Tell me lies, tell me sweet little lies...

Donald Trump.
Donald Trump.
I'm not a good enough pedlar of porkies to slink in with a Distinction when our university catches up with the times, and offers a subject called Post-Truth Lying.

Post-Truth Lying (followed perhaps by Advanced Dissimulation) should by now be part of any half decent bachelor of communications degree.

Maybe I'd scrape a B minus if I worked the angles. I'm not a totally talentless liar. When I lie to myself, the number of times I believe me is astonishing.

All this matters, because we're told that since the coronation of Donald Trump, we've entered the Post-Truth Age. So it follows that if we're to keep up with the times, we must practise our fibs?

But honestly. Are we all active participants in this new Post-Truth Age? Does this apply to Agatha You and Theodore Me?

I don't think so. Much has never changed. We still learn to lie at the same age. At about 3, we realise that astonishingly, Mum doesn't know everything that lurks in our naughty little minds. We can get away with lying.

Knowing when the other sods are lying, comes a few years later. A 6-year-old may believe you when, waiting in the McDonald's drive-thru, you say: ''If you don't behave, they'll give you a Sad Meal.'' By 8, the kid who claims Santa is real is taking the mickey.

Lying has always had its place in normal life, and only the most sourpuss moralist would deny that smaller, piglet porkies simply grease the wheels. Lies are the foundation of good manners. Polite society couldn't exist without lies.

Only oafs don't fib to their parents. There would be little sex, my dear fat friends, without lies. Marriage vows should promise that we honour our partners with our undying lies. ''Of course you look like George Clooney. What wrinkles? You're still hot in a miniskirt.'' You know the talk.

But really, this Post-Truth age doesn't define we private citizens. Post-Truth is about public conversation, the smarmspeak of politics, business, and the interest groups.

Politicians have always lied, but they moved up several notches after television news arrived. (Yes kids, this was soon after William the Conqueror). In print media, nobody saw a politician avoiding questions. But when door-stopped politicians found themselves telecast, they had to learn better techniques for avoiding truth.

By quirks of fate and age, I worked on television news in its earlier times, before the beast called Media Training was invented. Then it was common to finish an interview, turn off the mike, and have the Minister for Whatever beg for tips on how to improve his next on-camera performance. (I fed them some stinkers. They loved it).

It was countering the television camera's alarming honesty, which created this demand for Media Training. And I suspect Media Training was one of the dastard parents of what's now Post-Truth politics.

Big fees are paid so public figures can learn to better sidestep truth. They polish the non-response that helps them avoid telling the blatant porkie.

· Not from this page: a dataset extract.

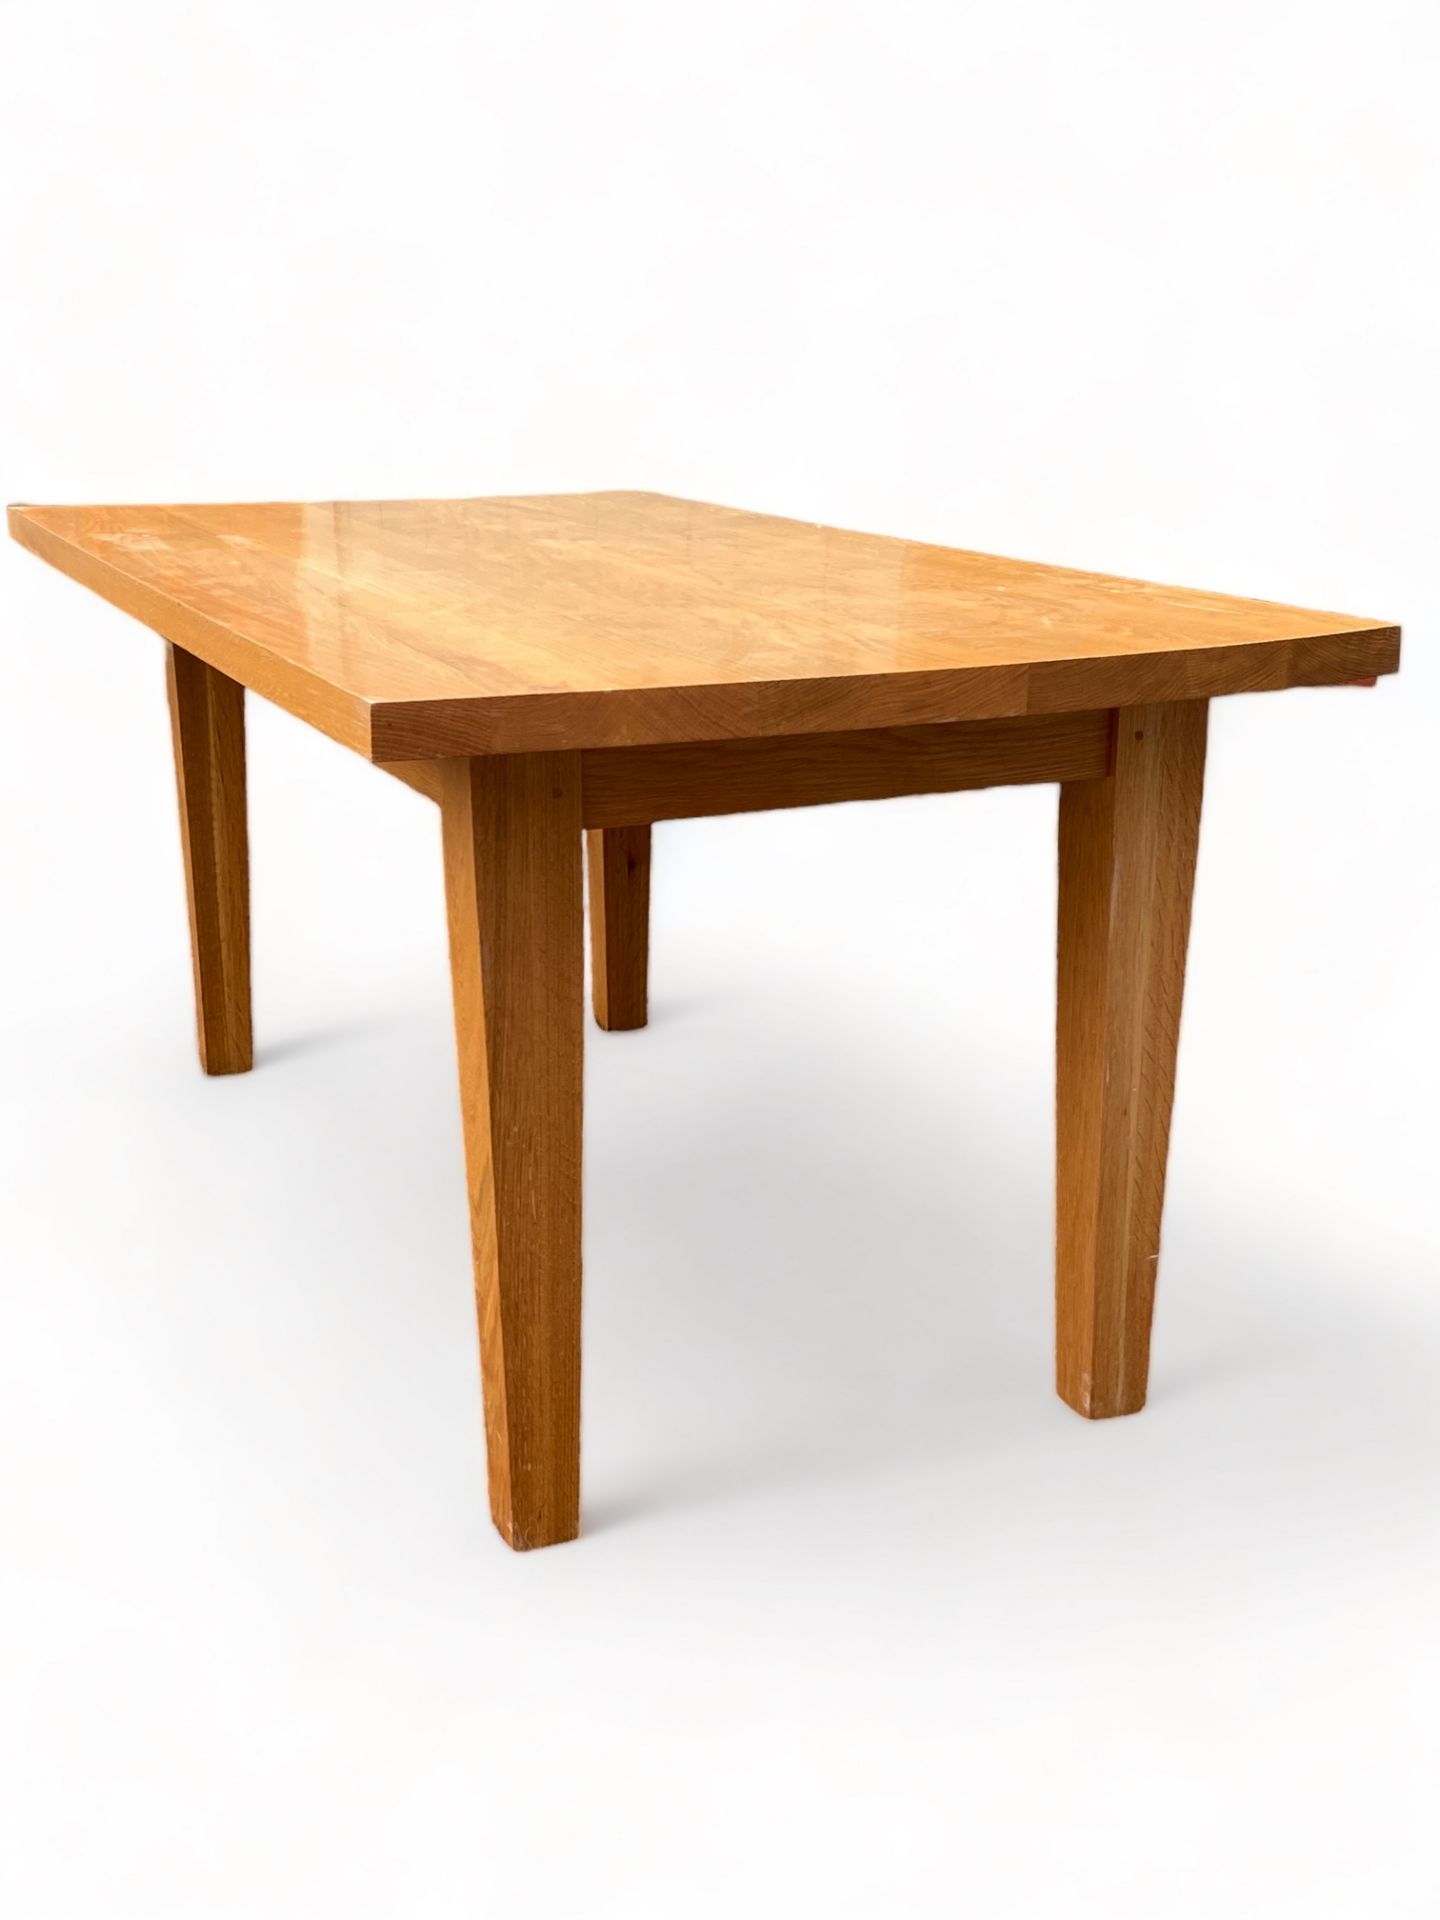 A contemporary oak writing tabe / desk by De La Espada - Image 5 of 5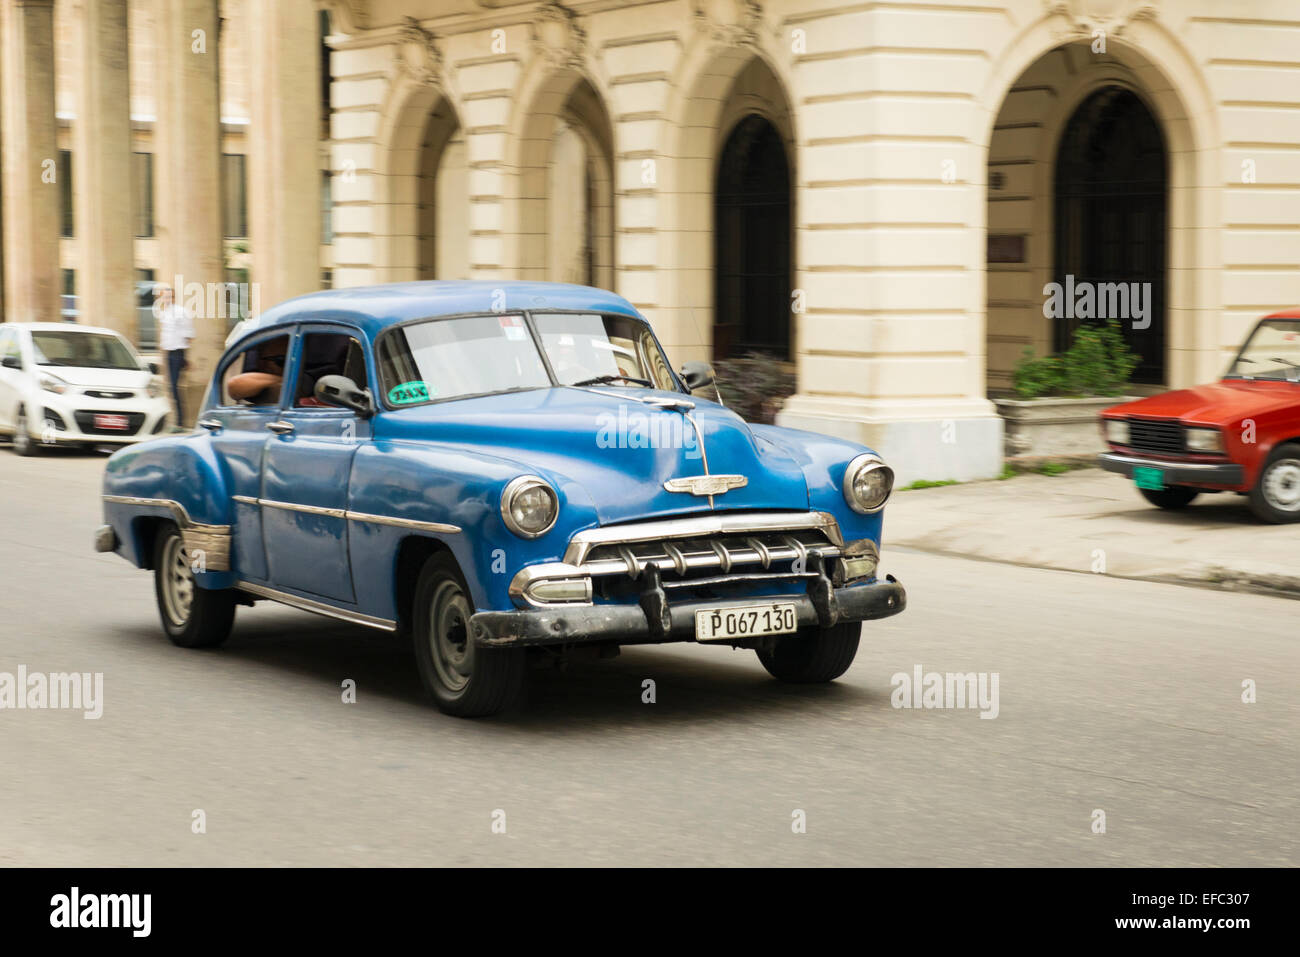 Cuba Old Havana La Habana Vieja Calle Zulueta moving old classic vintage 1950's American car taxi cab dark blue Chevy Chevrolet Stock Photo

This diligent avoidance of the actual lie at least shows some respect for truth. But media training developed further, often making the search for truth an irrelevant sideshow. We see this when our politician simply ignores the question and states and re-states whatever slogan has been invented for the day. ''Look, the real issue is ... blah.'' You've seen this and cringed.

It is around this point that we cross the fine line between lies and bullshit.

There's a slight, but important, difference between the two. A lie is an opposite to the truth. Bullshit is different - bullshit is an invention that ignores, rather than opposes, truth. The bullshitter is a story-teller who creates or twists ''facts'' and weaves a yarn that becomes a believable fantasy. The internet and Twitter are ideal platforms for bullshitters.

Donald Trump didn't become President because he was, and remains, a liar. Simple lying isn't good enough. He's succeeded because he is that far more dangerous creature - the consummate bullshitter.

This Post-Truth world is more burdened by its bullshit than its lies. Don't start me on the links with PC speak.

-John Lapsley is an Arrowtown writer.

Comments

So, that is why they start every answer with 'So..'. It gives time to construct the response. The cleverest deflection is the answer that bores. S Joyce specialises in examining Opposition stats so the audience loses interest.